[Information shown — start]
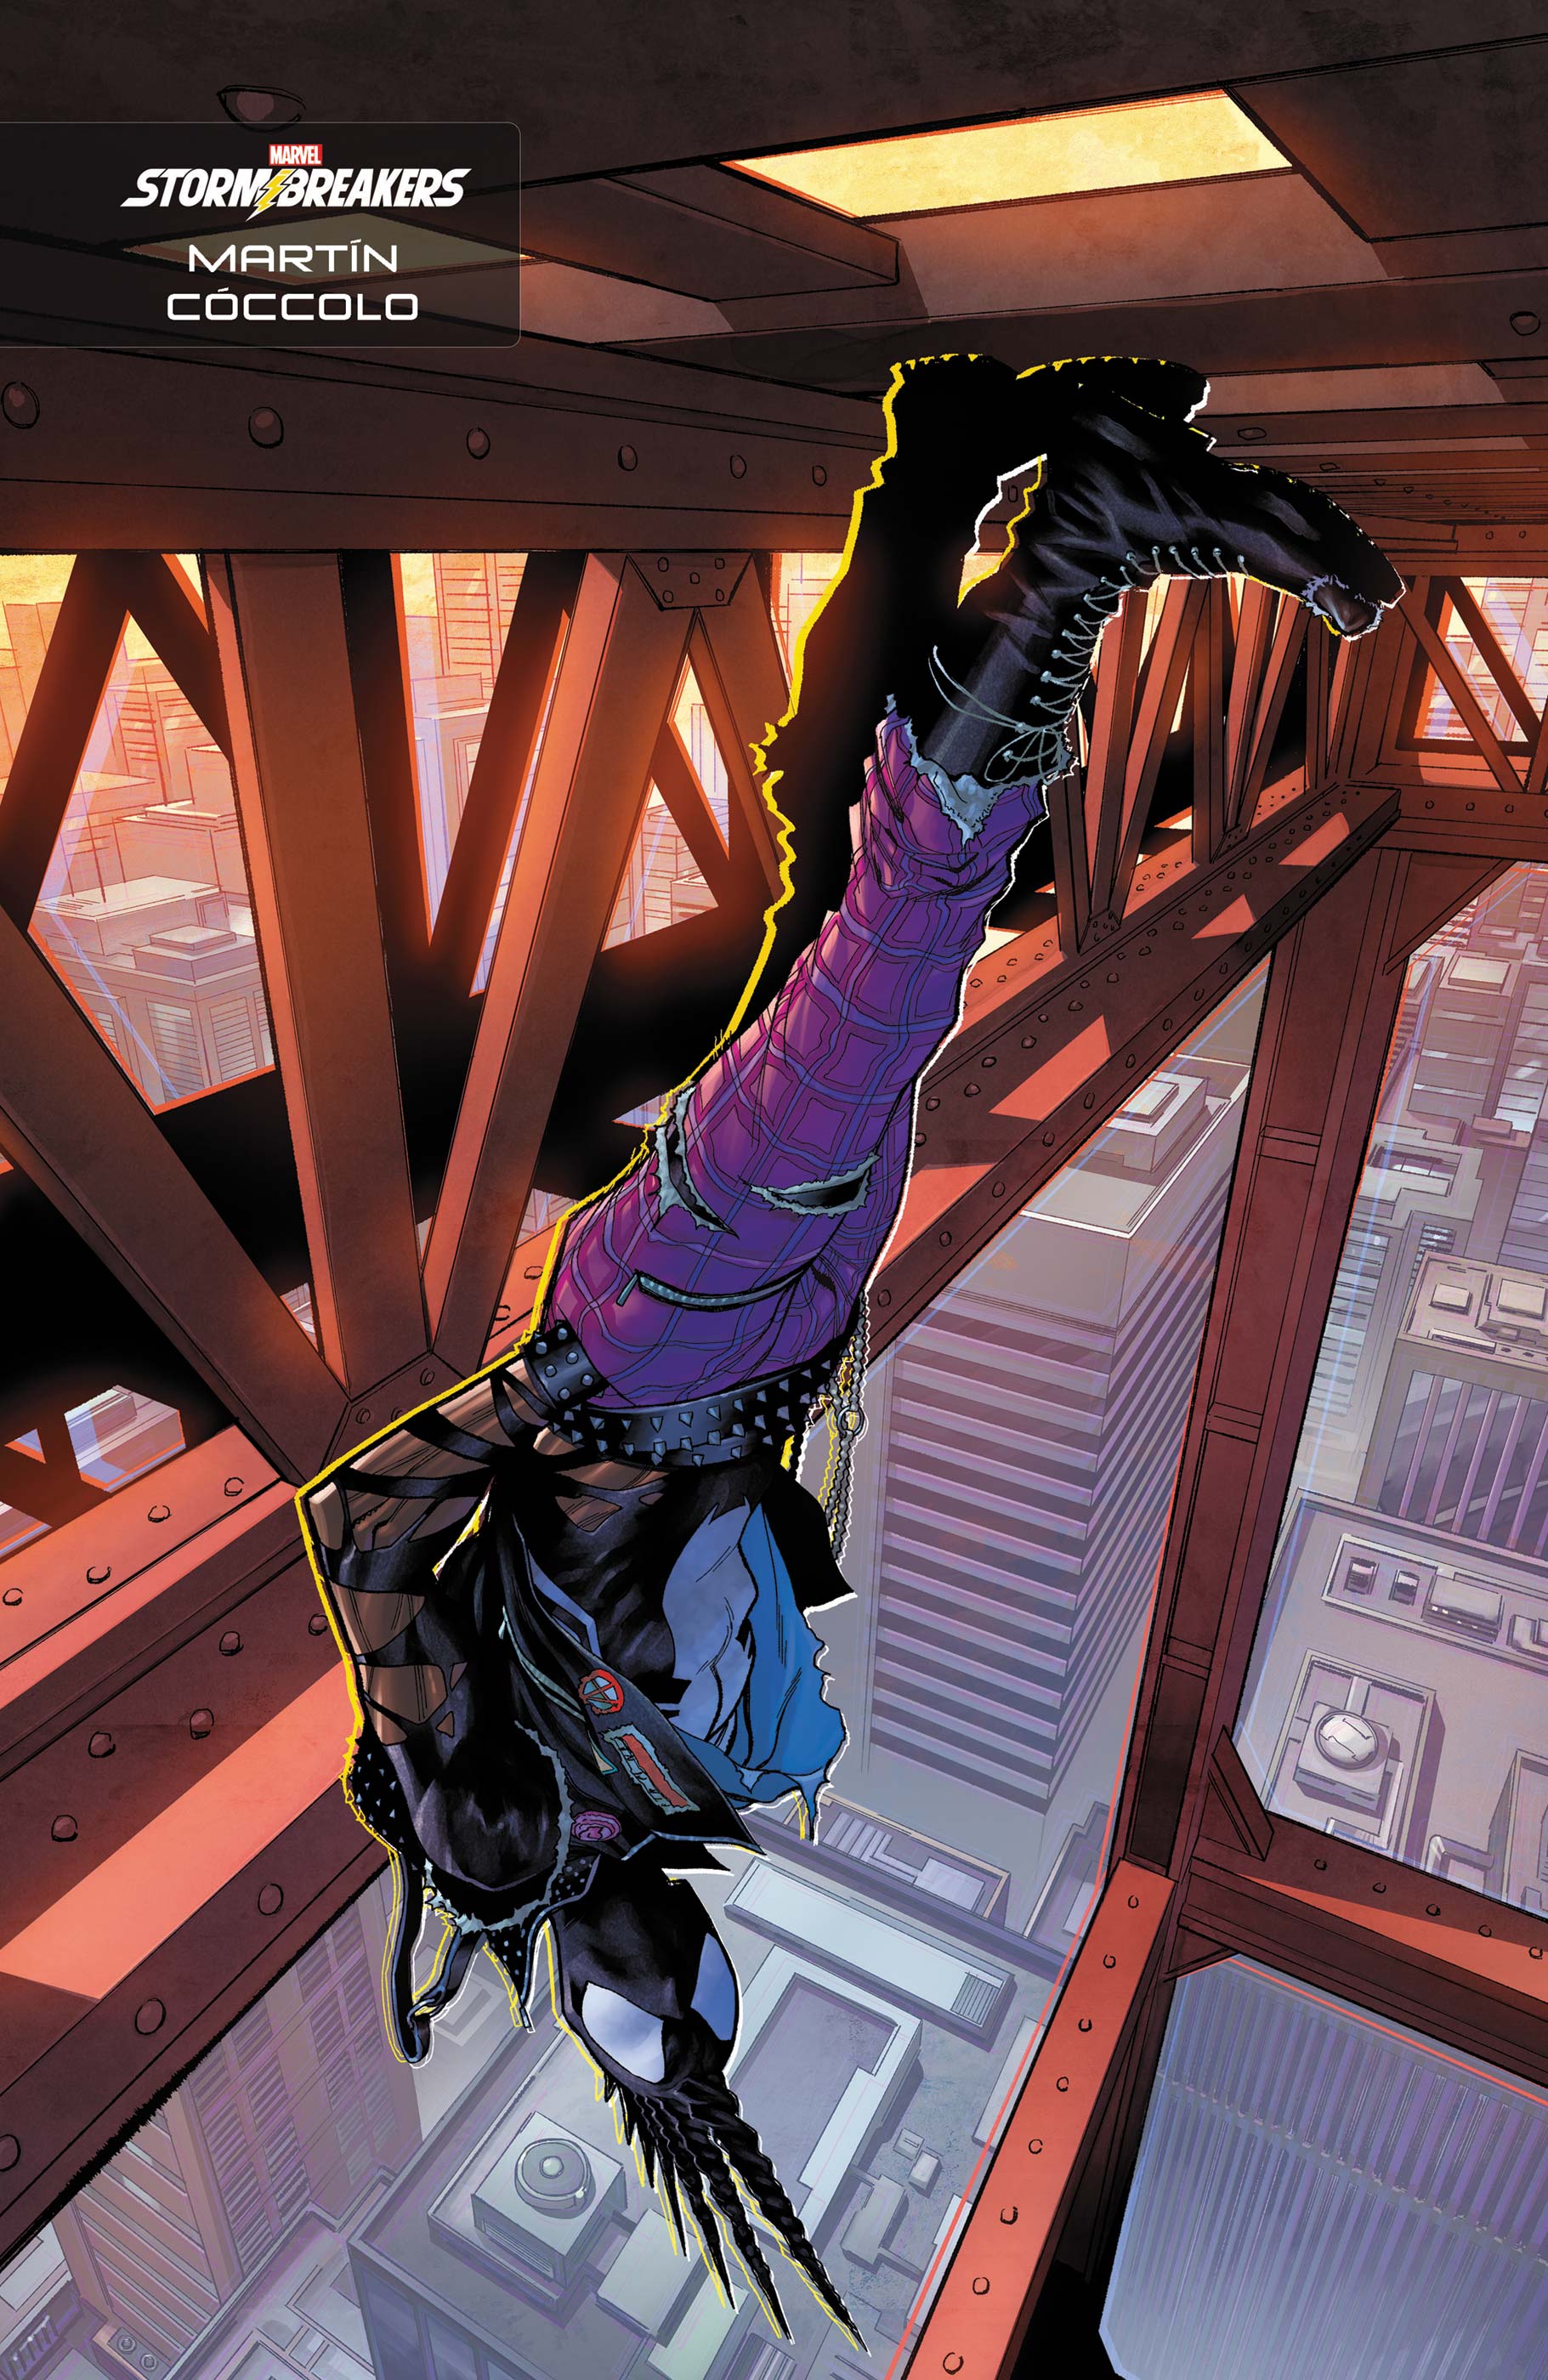 Symbiote Spider-Man 2099 (2024) #2 (Variant)
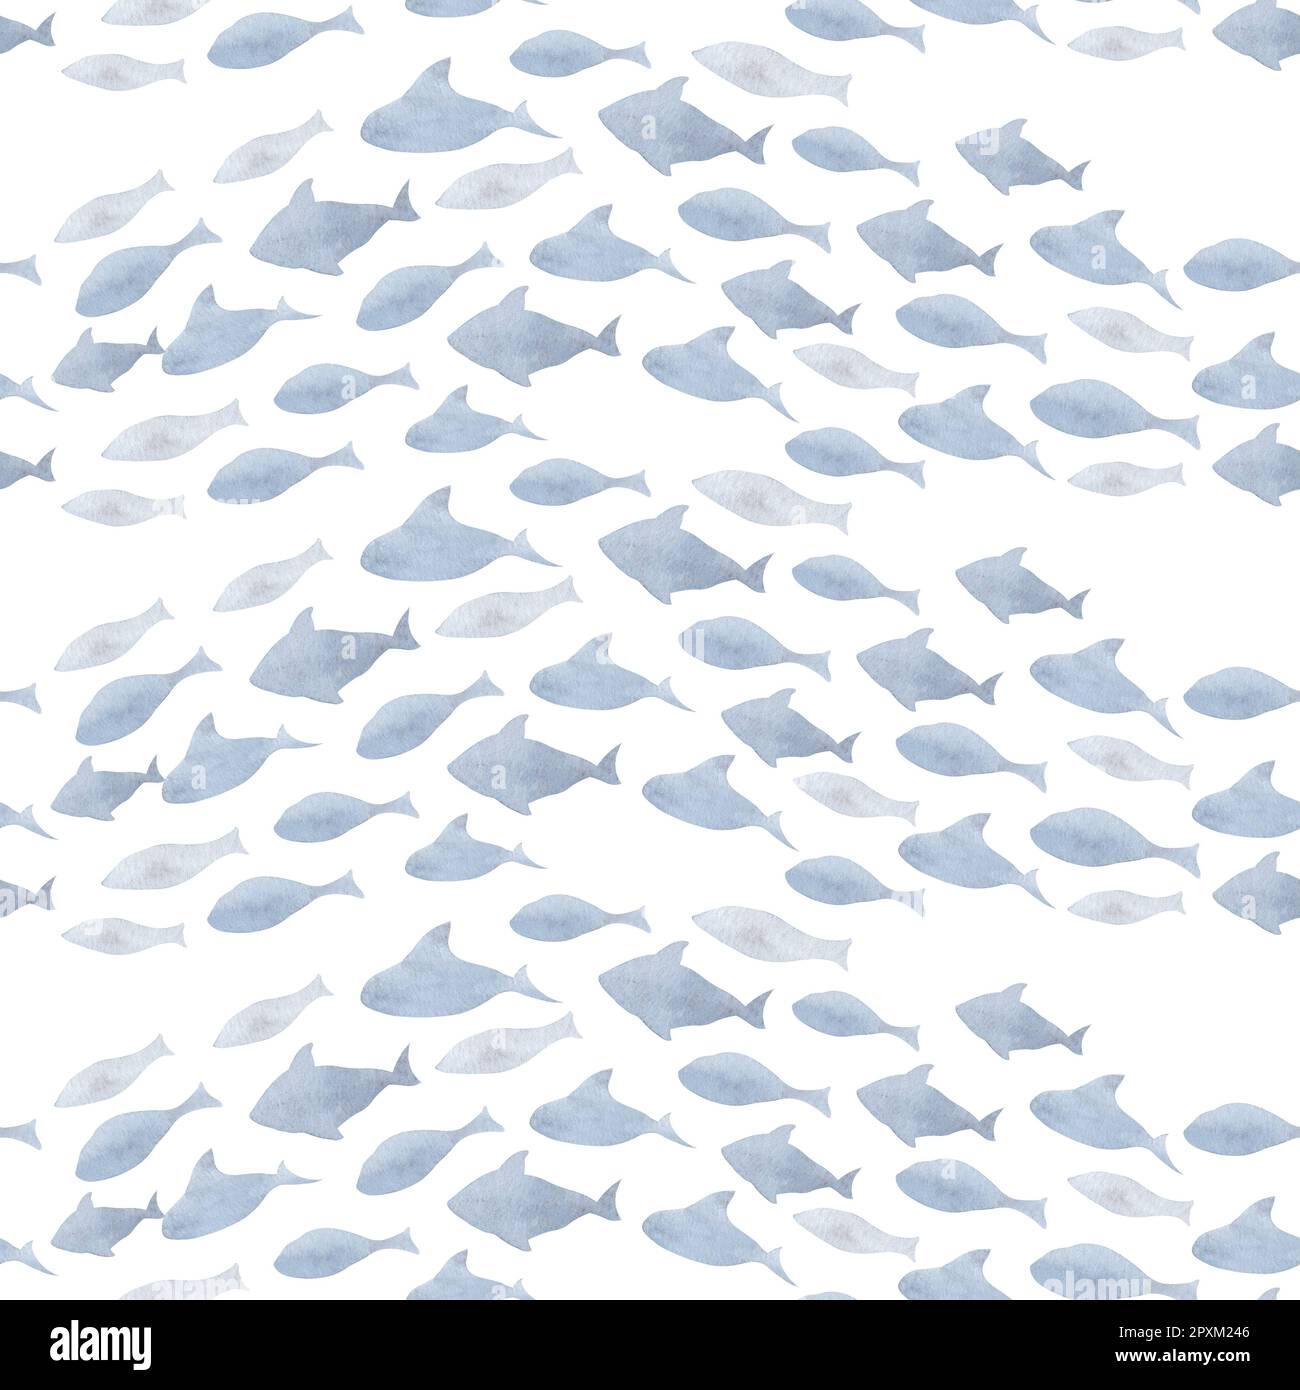 Seamless Pattern mit Fish Navy Shoal auf isoliertem weißem Hintergrund. Handgezogener, wasserfarbener Unterwasserhintergrund zum Einwickeln von Papier oder Marinetextilien. Verzierungen für jedes Design im nautischen Stil. Stockfoto
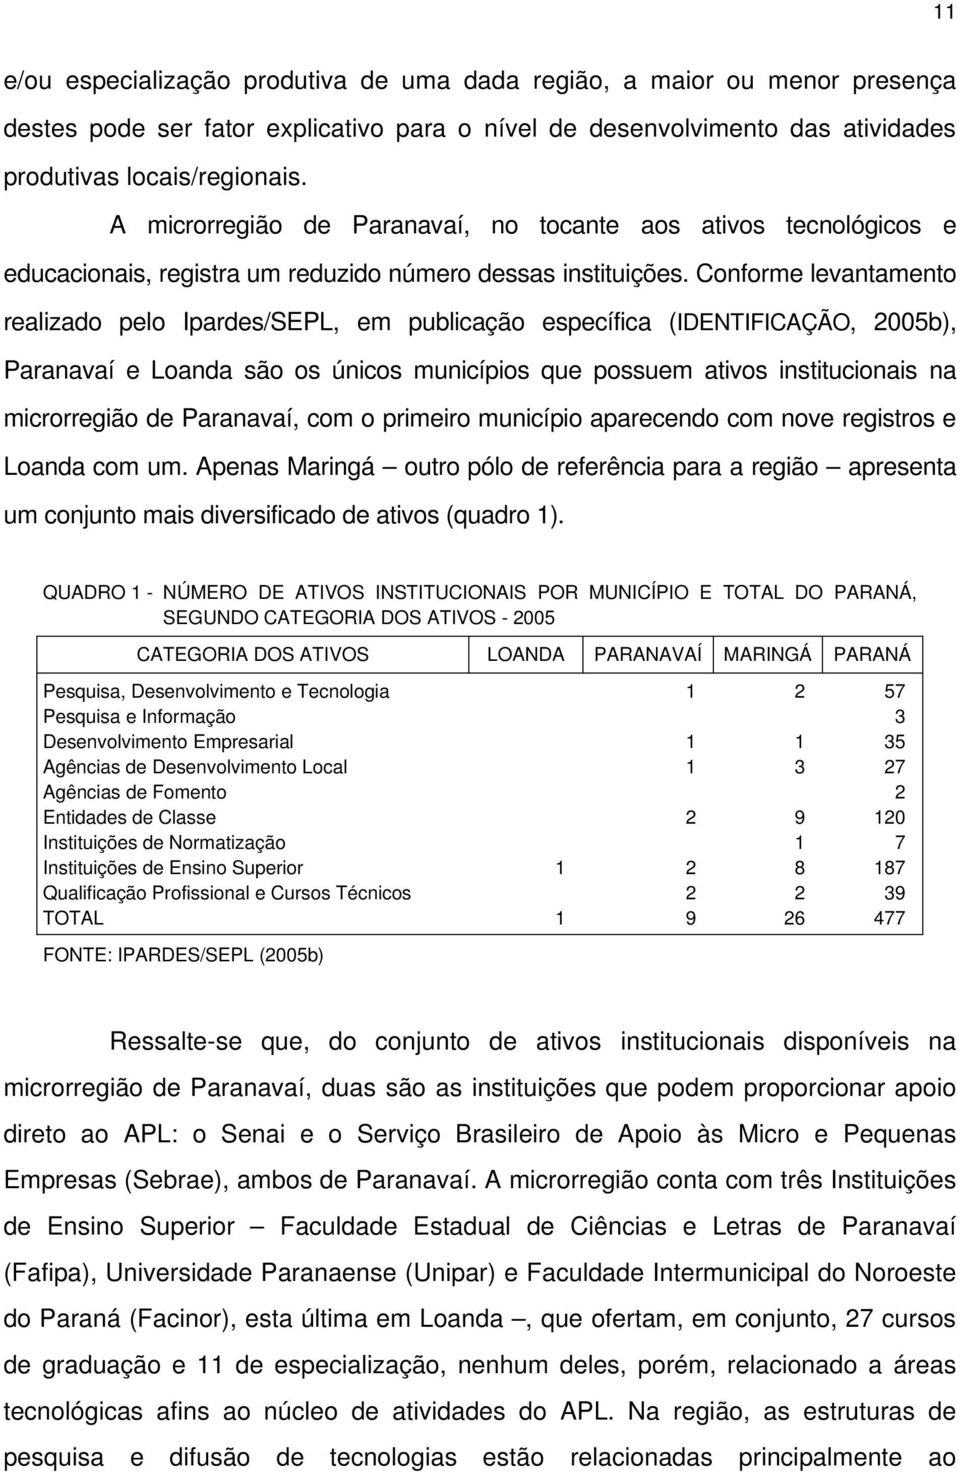 Conforme levantamento realizado pelo Ipardes/SEPL, em publicação específica (IDENTIFICAÇÃO, 2005b), Paranavaí e Loanda são os únicos municípios que possuem ativos institucionais na microrregião de
[Information shown — finish]
◆ **Work item**: Exactly the lines from the line with "Seamless Pattern mit" through the last line of the listing, both included, should be extracted, and the pictures left behind.

◆ **Task output**:
 Seamless Pattern mit Fish Navy Shoal auf isoliertem weißem Hintergrund. Handgezogener, wasserfarbener Unterwasserhintergrund zum Einwickeln von Papier oder Marinetextilien. Verzierungen für jedes Design im nautischen Stil. Stockfoto
 Conforme levantamento realizado pelo Ipardes/SEPL, em publicação específica (IDENTIFICAÇÃO, 2005b), Paranavaí e Loanda são os únicos municípios que possuem ativos institucionais na microrregião de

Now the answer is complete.